Leather sector wasting opportunities
Bangladesh's garment sector has become the world's second largest exporter only on the basis of cheap labour and the domestic supply of an insignificant amount of raw materials.
On the other hand, the leather sector is struggling to make its mark in the global market despite having the guarantee of an abundance of raw materials and workers.
One may argue that the value addition in the apparel industry is much lower than that in the leather sector.
But countries rich in key raw materials usually have a much higher value addition and thus higher earnings. That has not happened in the case of the leather sector of Bangladesh.
As a result, the leather sector cannot ensure value addition of over 65 percent whereas there is potential to reach 90 percent.
Industry people say as long as animals were sacrificed during the Eid festivals, the generation of rawhide, meaning the raw materials, is guaranteed.
But manufacturers cannot ensure maximum value addition as demand has not yet been created locally for high-value products.
The value addition falls to 30 percent for products made for export markets owing to a lack of certification from Leather Working Group (LWG), a global multi-stakeholder community committed to a responsible and transparent leather supply chain.
"We have the main raw materials but cannot use them for the export market in absence of LWG certificates," said Md Mizanur Rahman, a professor and director of the Institute of Leather Engineering and Technology of the University of Dhaka.
There is scope to ensure 85 percent to 90 percent value addition through quality tanning and manufacturing of high-end products, he said.
According to him, there are huge prospects for the leather sector to grab a significant piece of the global leather and leather goods market by using local rawhides and improving value addition.
"However, we will have to comply with global standards in the tannery industry," Rahman added.
Bangladesh has 200 tanneries and 223 leather and leather product manufacturers but only five tanneries are certified by the LWG -- Apex Tannery, Riff Leather, SAF Industries, Superex Leather, and ABC Leather.
As a result, Bangladesh is not doing well in the international market. Shipments fell 1.74 percent year-on-year to $1.22 billion in fiscal year 2022-23 that ended on June 30.
Rahman believes that the local leather sector has the potential to increase exports to $5 billion to $7 billion by using locally available leather to cater to the global market worth $300 billion.
However, Bangladesh's share of the global leather market is less than 0.5 percent, he said.

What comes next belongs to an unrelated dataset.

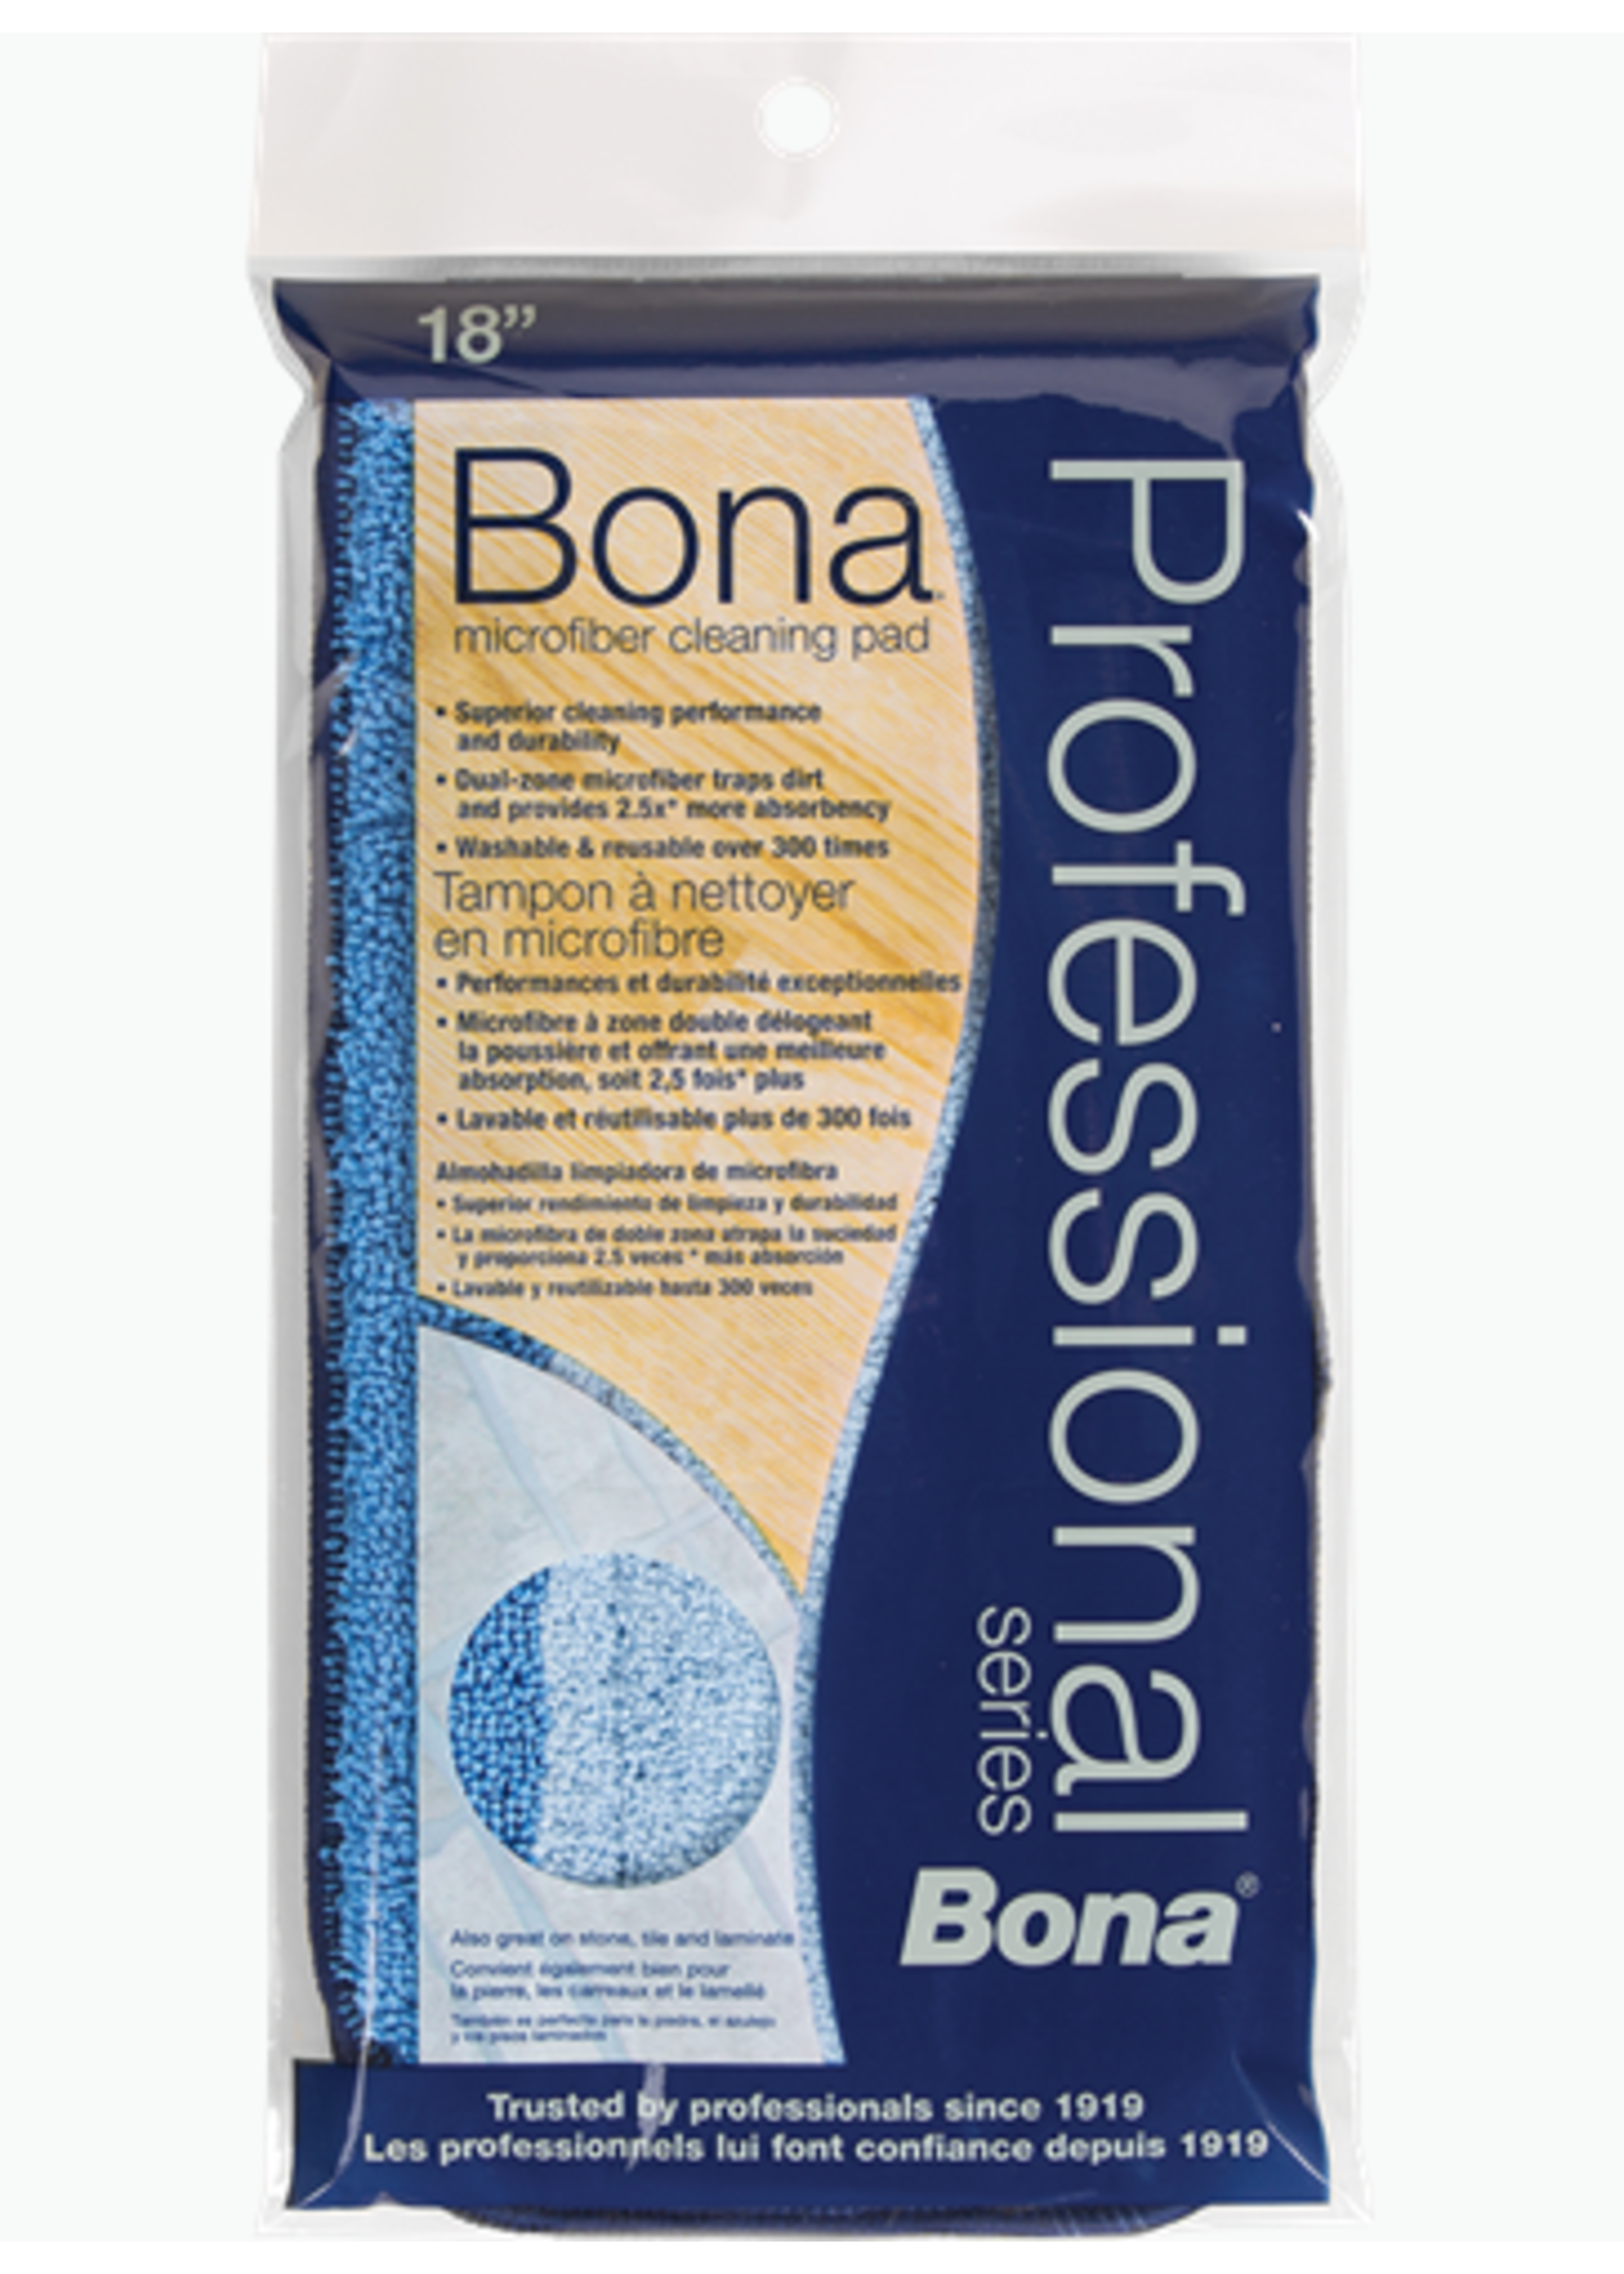 Bona Bona 18 in microfiber cleaning pad

Bangladesh accounts for about 3.5 percent of the total rawhide produced globally but cannot use much of the material for making exportable products, he added.
According to Bangladesh Tannery Association, the tannery industry is capable of producing 300 million square feet of leather each year.
Of the total production of finished leather, only 20 percent can be used for the domestic market. The rest has to be exported as there is no scope to use the material for manufacturing export products in absence of the LWG certification.
However, exporters allege that harassment by customs officials, tax collectors and other government agencies reduces the scope for value addition.
"The value addition for leather footwear for the domestic market declined to 65 percent from 85 percent over the past year due to declining demand for high-end products," said Dilip Kajuri, chief financial officer of Apex Footwear Limited.
"As people's disposable income has reduced due to inflationary pressure, they do not want to purchase costly products," he added.
As a result, Apex has reduced manufacturing costly products that have higher scope for value addition.
"If we want to ensure 85 to 90 percent value addition, we have to manufacture costly items that have less demand at the moment," Kajuri said.
Kajuri also said 95 percent of their leather shoes for the domestic market were made from local raw materials, but they have to import leather for high-end products, such as that of the Venturini brand.
"Now, leather footwear manufacturers can ensure value addition of around 20-30 percent depending on the products for the export market," said Arifur Rahman Chowdhury, general manager of ABC Footwear Industries Limited, one of the biggest exporters of leather footwear.
Previously, manufacturers could ensure value addition of around 60 percent, but with the appreciation of the US dollar against taka, the value addition has reduced.
According to him, most exporters cannot use leather produced locally due to the lack of LWG certification.
"But we can use local leather tanned at our factory as we have LWG certification," he said.
On condition of anonymity, a leading footwear exporter said they have to mention the source of raw materials when selling products to foreign buyers.
For this reason, there is no scope of using leather whose processor does not have an LWG certificate.
Besides, without LWG certification, one of the prerequisites of which is a central effluent treatment plant at the tannery industrial estate at Savar, higher value addition and increasing exports is not possible, he added.
Arfanul Hoque, head of retail at Bata Shoe Company (Bangladesh), said they are a major consumer of local leather as they retail products using the material in the domestic market.
But for high-end products, they need to import a very nominal quantity of finished leather, he added.
According to Hoque, Bata is a multinational company that uses local leather as a raw material to manufacture leather shoes and ensure maximum value addition.
Market insiders say average annual domestic market sales of leather footwear (organised and non-organised) amounts to around Tk 16,000 crore.
Other than leather, footwear manufacturers need to import all the required raw materials to make products even for the domestic market, making them nearly 100 percent import dependent.
There are at least 152 types of raw materials required by footwear industries.